Listen to Armstrong when he says that he doesn’t have what it takes to win the Tour. That’s what he said after Contador rode away on the Verbier climb on Sunday. I haven’t been able to decide whether it’s genuine belief or a ratings-driven need to stay on board the Armstrong train, but it’s been fascinating to watch the various members of the Versus TV team pick Lance to win in the mountains day after day after day. No matter that he hasn’t been close even once, and no matter that Contador has shown himself capable of riding away almost at will–the predictions keep on coming. But for all that, there’s something about watching Armstrong in this Tour that gives him more dimension as a man and racer; and there’s something that makes me realize how amazing his domination of this race for so long really was. I’m actually looking forward to seeing him race again next year.

Other topics that could be spun, perhaps will be some day: Wiggins. The Schlecks. Kloden. Bruyneel. Vinokourov. Splendor and Death at the Tour de France. The Armstrong who rides in our heads.

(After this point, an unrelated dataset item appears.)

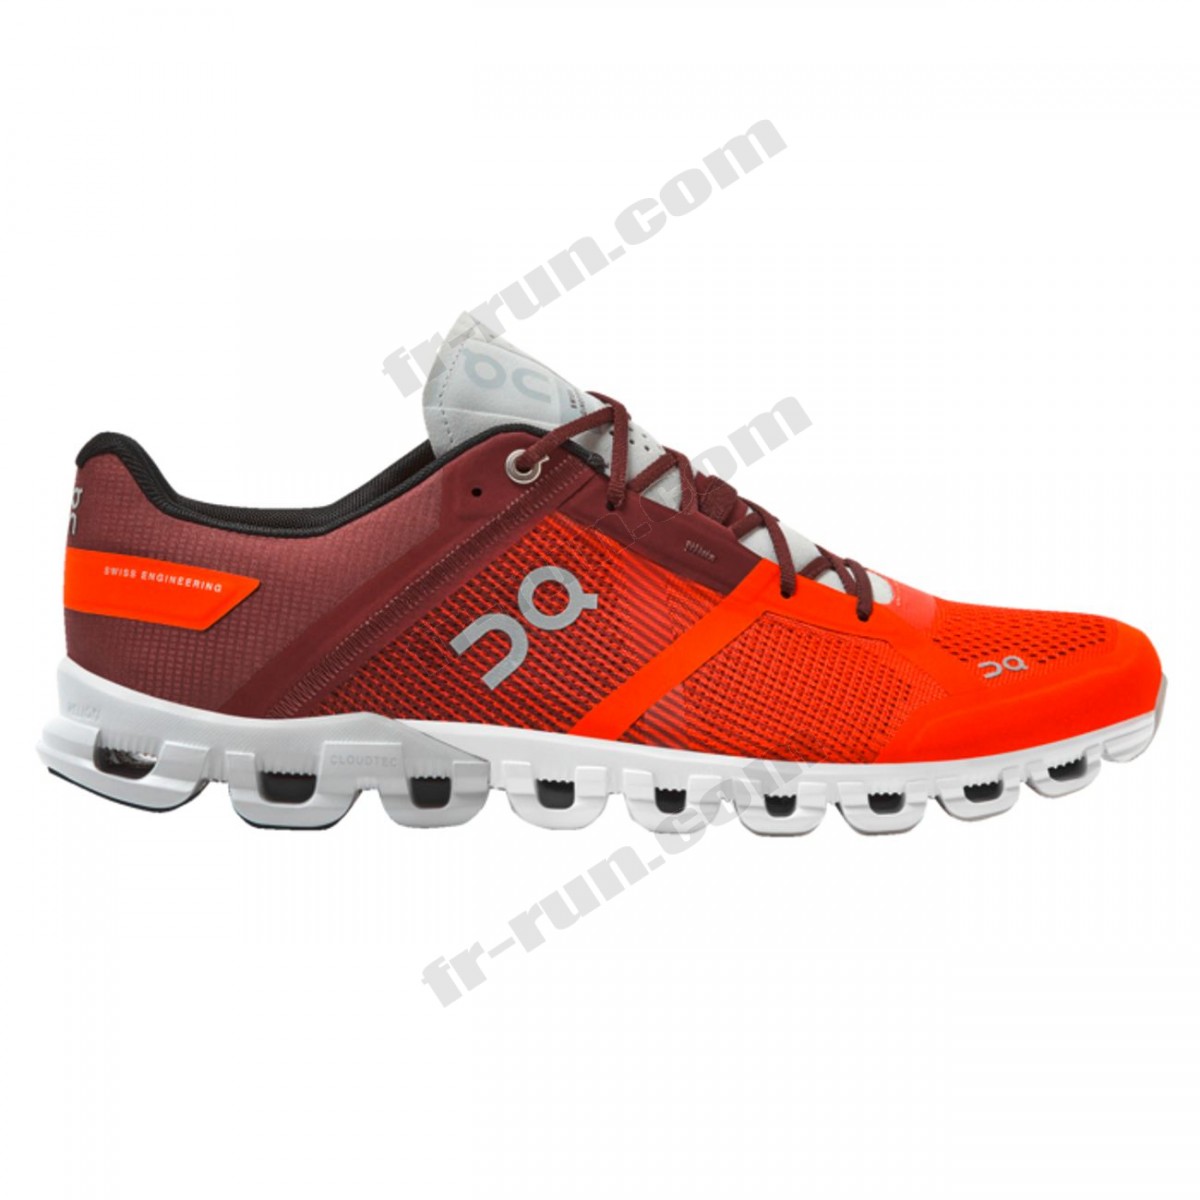 On/CHAUSSURES BASSES running femme ON CLOUDFLOW √ Nouveau style √ Soldes - -0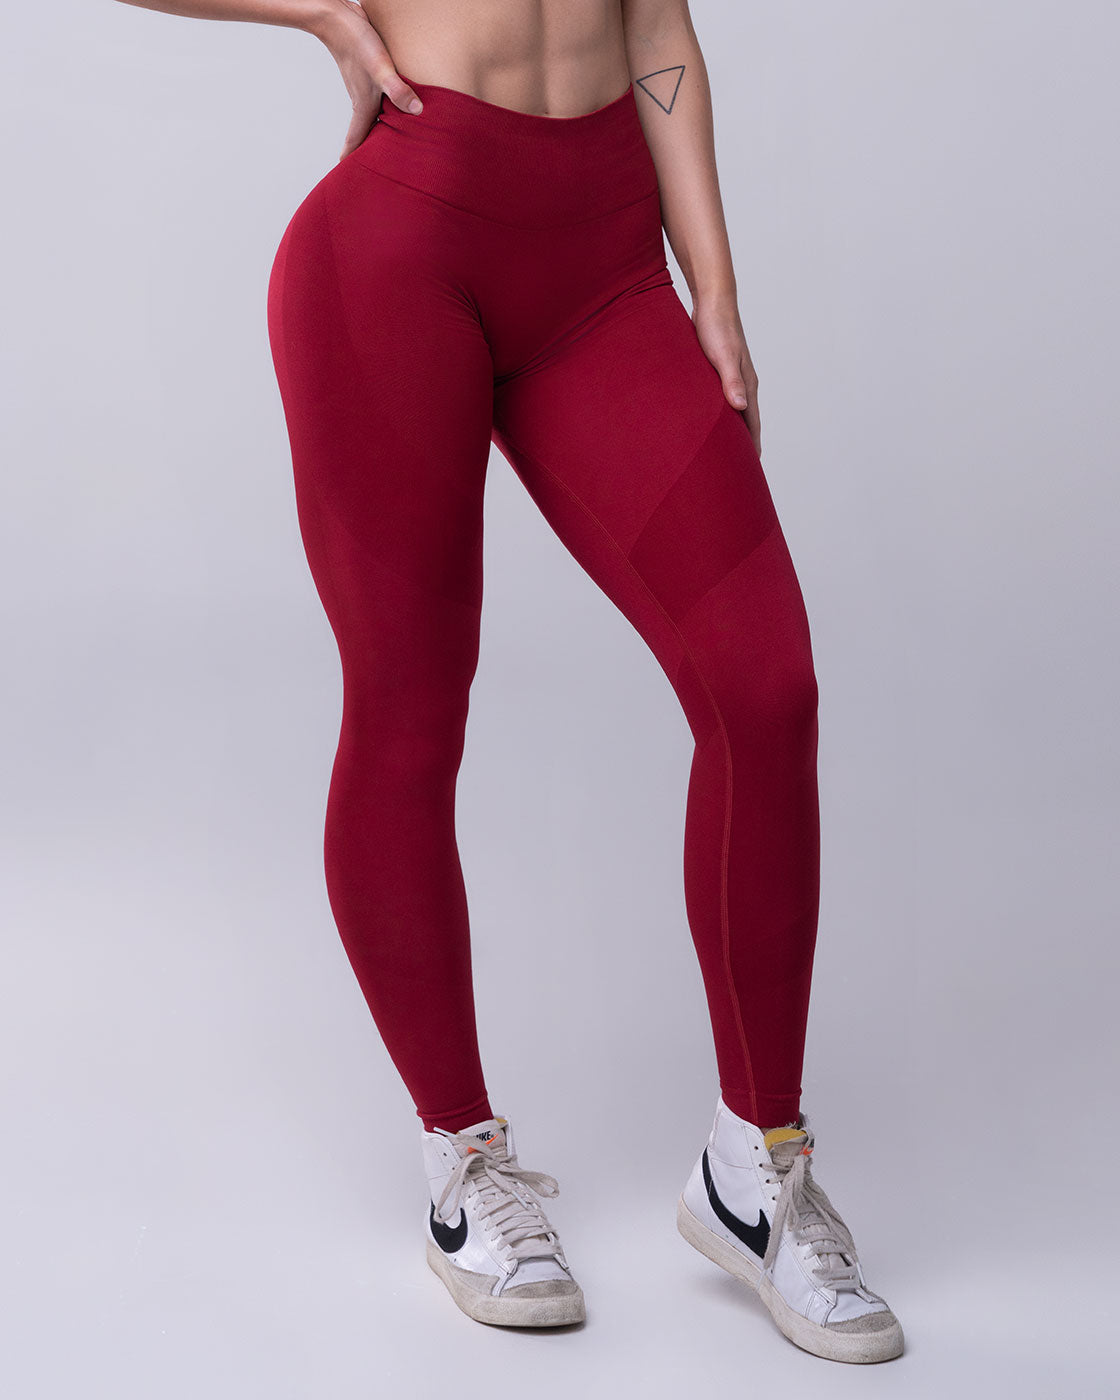 Violate The Dress Code - 🚨New Drop 🚨 Undisputed hottest leggings

Tour de France: Stage 17 Notebook

Your Paul Sherwen Quote of the Day: On Astana’s plans for Andreas Klöden: “Over the last couple of days, it appears they’ve been keeping him in reserve as if they’ve been trying to keep him maybe as a protective dark-horse joker.”

‘Paging Cadel Evans’: He trailed from the very start, dangled off the end of the peloton at the top of the first climb, and finished 29:43 behind the leaders. It’s a performance reminiscent of Greg LeMond’s 1992 Tour campaign, which he abandoned. LeMond announced soon afterward that he was suffering from mitochondrial myopathy, possibly related to his 1987 hunting accident. Evans started raising questions about his own health after losing more than 3 minutes on Stage 16. He reported via Twitter, “I don’t know what is the matter with me at this #tdf, obviously I’m not at my usual level. I’m going to a Doc now :o(.” (Yes, with emoticon.) No word on what the doctor might have told him. On his finish today, Evans writes: “My first gruppetto in the #tdf ever. It was… fun actually. Strange talking to Aussie’s while riding, normally have everything to loose!”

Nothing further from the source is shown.